Adult patients with a code-status had over 4 times the LoS compared to those without (13.2 vs. 2.9). Among the adult patients with a code-status, those with FULL_CODE had a mean LoS of 13.9 days compared to 12.8 days for those with a DNR (DNR/DNR_DNI). Adult ICU patients without a code-status (n=8,873) had a mean ICU stay of 5.8 days compared to 8.2 days for those admitted to an ICU with a code-status (n=2,486). Among the adult patients with a code-status, those with FULL_CODE and admitted to an ICU (n= 898) had a mean ICU stay of 8.4 days compared to 8.1 days for patients with a DNR code (n=1,588).
Survival Status
Among the adult patients who died during the study period, over two thirds (892 of 1,300) had a DNR (DNR/DNR_DNI) code documented. About a third of the adult patients (892 of 2,373) with a DNR code died during the study period, compared to less than 2% (34 of 2,052) of those with a FULL_CODE (Table 2).
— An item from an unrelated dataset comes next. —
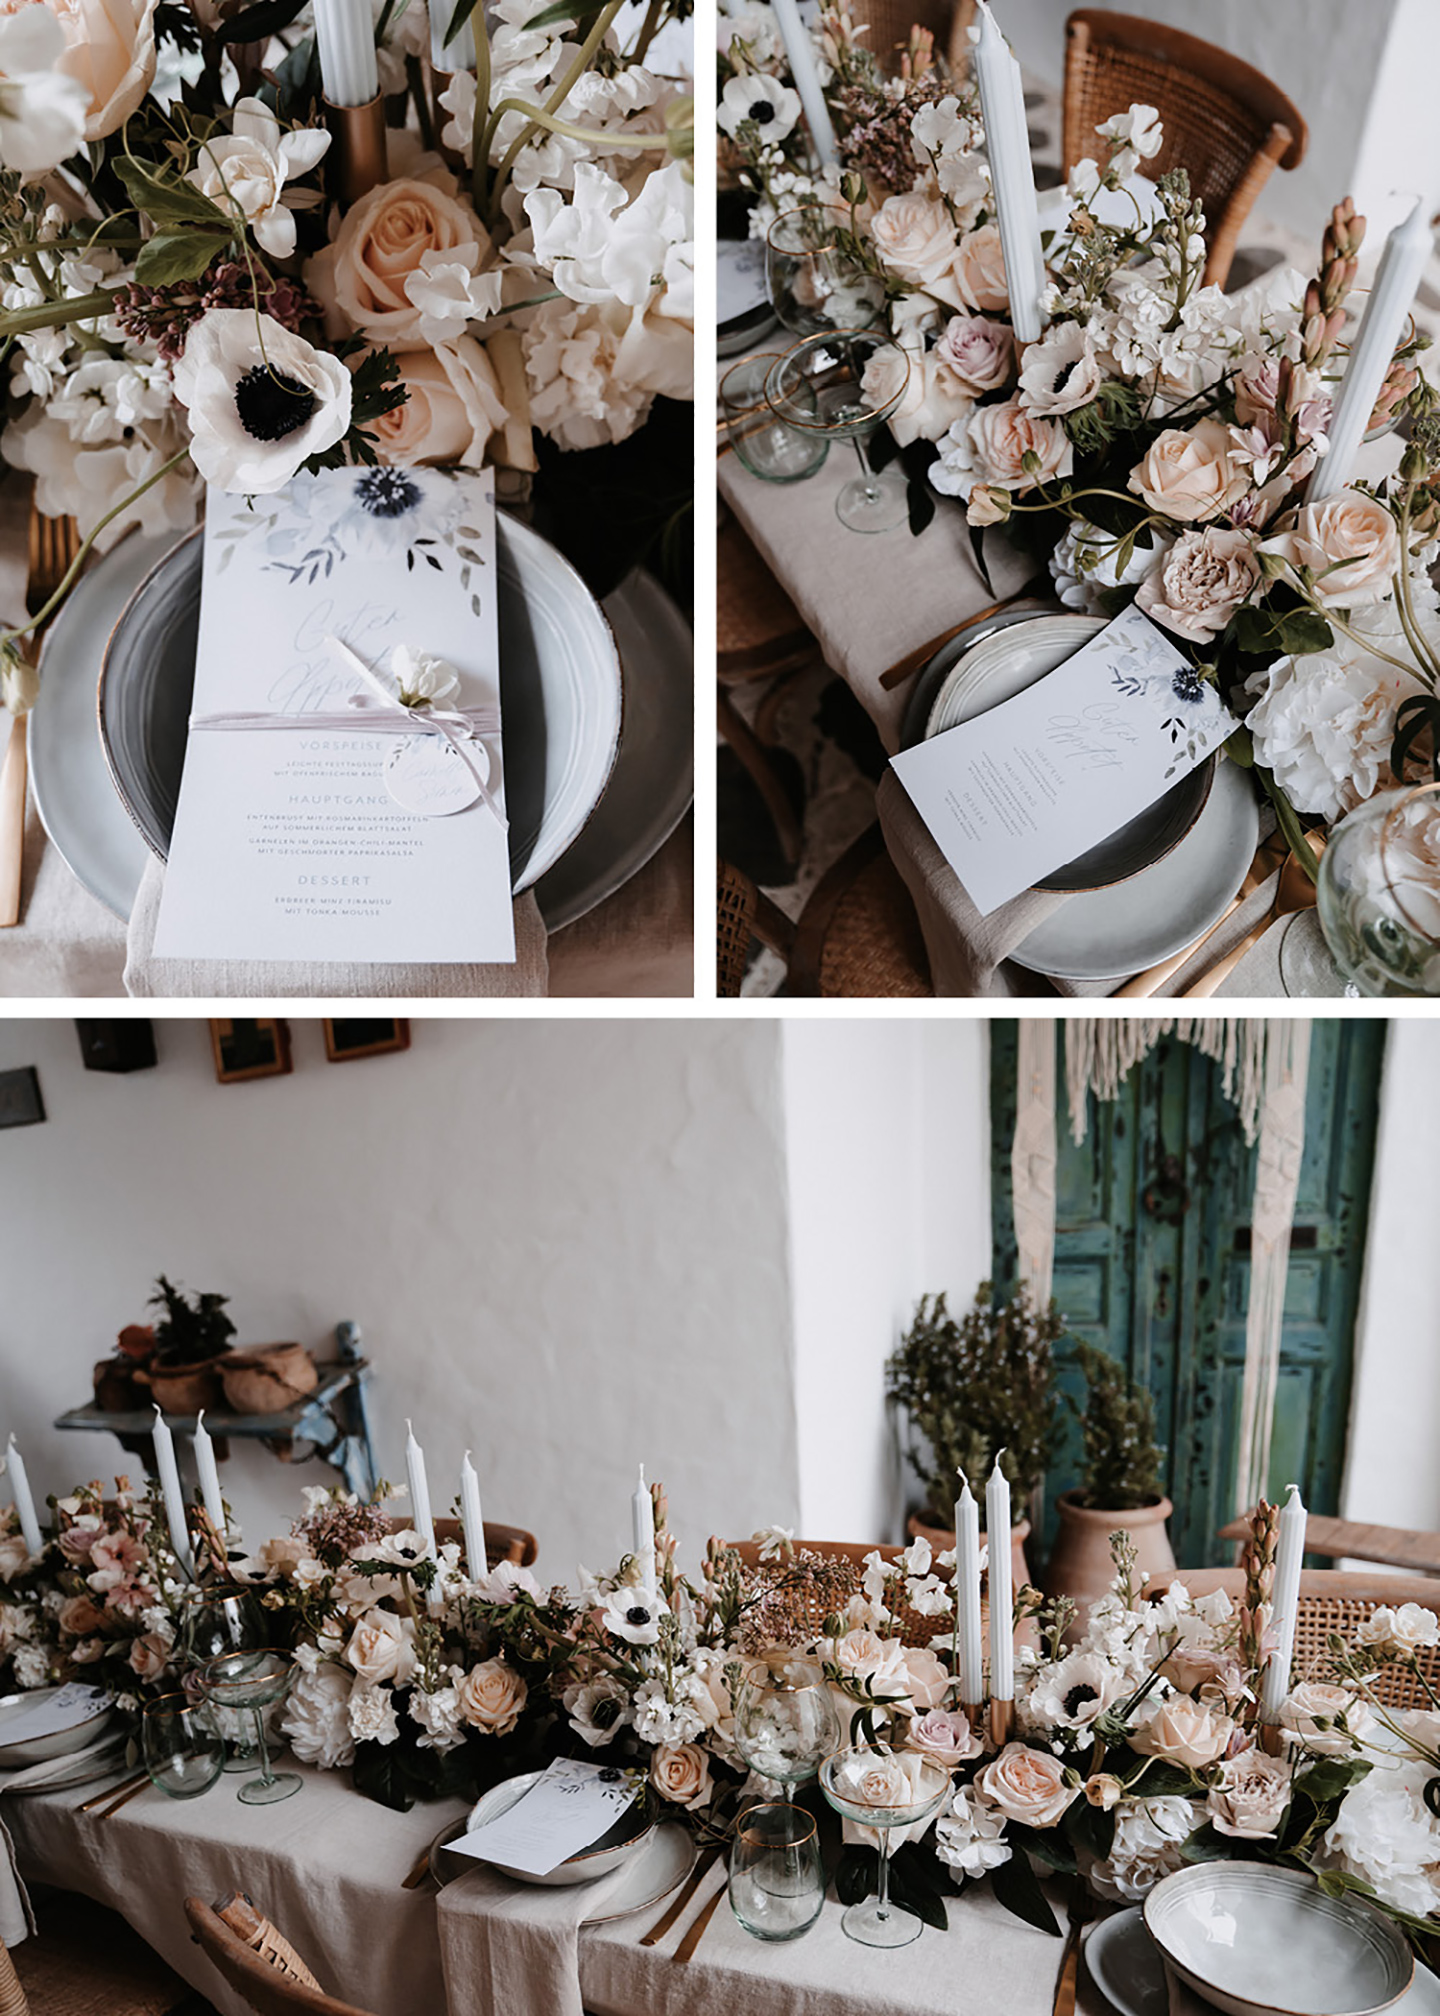 Die Hochzeitspapeterie wurde auf den Tellern der Gäste platziert. Ein eigenes Menü ist auf jedem Platz zu finden. Die geschmückten Blumen runden das Bild ab.

Adult patients – Demographic distributions
Table 4 shows the association of gender, race, ethnicity, and distance of residence from hospital to the documentation of code-status for adult patients. Men were more likely than women to have a code-status documented, Hispanics were less likely to have a code-status documented, and those living farther away from hospital were more likely to have a code-status.
Table 4.
Chi-Square test for association with demographics for adult and pediatric patients The counts exclude – 53 adult (20 pediatric) patients with unknown gender, 3 adult (1 pediatric) patients with race attribute unpopulated, and 147 adult (60 pediatric) patients with ethnicity attribute unpopulated. [These numbers may not be mutually exclusive.]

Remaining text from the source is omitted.